Start of Provided records

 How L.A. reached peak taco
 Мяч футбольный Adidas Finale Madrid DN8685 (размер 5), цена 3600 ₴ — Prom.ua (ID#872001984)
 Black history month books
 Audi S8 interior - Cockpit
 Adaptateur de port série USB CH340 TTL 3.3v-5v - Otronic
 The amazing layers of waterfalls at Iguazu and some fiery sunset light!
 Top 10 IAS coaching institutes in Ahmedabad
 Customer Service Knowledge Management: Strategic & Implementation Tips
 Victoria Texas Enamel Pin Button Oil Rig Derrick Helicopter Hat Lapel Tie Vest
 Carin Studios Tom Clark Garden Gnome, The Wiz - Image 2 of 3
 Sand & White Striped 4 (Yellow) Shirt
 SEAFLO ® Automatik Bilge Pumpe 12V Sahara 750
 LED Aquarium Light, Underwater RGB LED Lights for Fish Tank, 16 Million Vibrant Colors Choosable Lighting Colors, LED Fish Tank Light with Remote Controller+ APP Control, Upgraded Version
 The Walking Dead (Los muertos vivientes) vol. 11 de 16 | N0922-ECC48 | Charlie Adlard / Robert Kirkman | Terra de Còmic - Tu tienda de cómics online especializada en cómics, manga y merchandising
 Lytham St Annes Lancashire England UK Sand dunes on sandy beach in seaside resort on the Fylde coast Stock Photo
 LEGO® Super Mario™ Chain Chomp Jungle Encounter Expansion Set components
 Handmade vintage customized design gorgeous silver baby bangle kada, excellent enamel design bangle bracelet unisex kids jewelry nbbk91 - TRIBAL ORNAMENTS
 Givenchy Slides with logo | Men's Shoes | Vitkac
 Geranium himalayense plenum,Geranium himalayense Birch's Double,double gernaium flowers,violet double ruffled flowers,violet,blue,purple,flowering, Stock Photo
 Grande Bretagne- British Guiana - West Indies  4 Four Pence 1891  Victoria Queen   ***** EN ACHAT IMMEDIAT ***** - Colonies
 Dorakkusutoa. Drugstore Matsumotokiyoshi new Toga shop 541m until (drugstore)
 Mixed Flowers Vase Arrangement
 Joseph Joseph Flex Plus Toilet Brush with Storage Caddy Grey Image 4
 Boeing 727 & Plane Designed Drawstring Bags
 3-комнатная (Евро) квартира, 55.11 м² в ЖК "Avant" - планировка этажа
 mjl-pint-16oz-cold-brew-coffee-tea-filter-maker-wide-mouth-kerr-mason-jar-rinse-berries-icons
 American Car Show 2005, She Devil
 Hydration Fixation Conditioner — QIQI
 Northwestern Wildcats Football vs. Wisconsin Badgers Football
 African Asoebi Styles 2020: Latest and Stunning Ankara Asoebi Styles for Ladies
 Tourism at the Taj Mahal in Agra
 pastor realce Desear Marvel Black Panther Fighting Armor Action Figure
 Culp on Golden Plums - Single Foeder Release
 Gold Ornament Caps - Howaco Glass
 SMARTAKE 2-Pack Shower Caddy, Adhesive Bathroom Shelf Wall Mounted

End of Provided records

Your goal →
Filter the entries above and return only the lines holding "with".

Problem solution →
 LED Aquarium Light, Underwater RGB LED Lights for Fish Tank, 16 Million Vibrant Colors Choosable Lighting Colors, LED Fish Tank Light with Remote Controller+ APP Control, Upgraded Version
 Givenchy Slides with logo | Men's Shoes | Vitkac
 Joseph Joseph Flex Plus Toilet Brush with Storage Caddy Grey Image 4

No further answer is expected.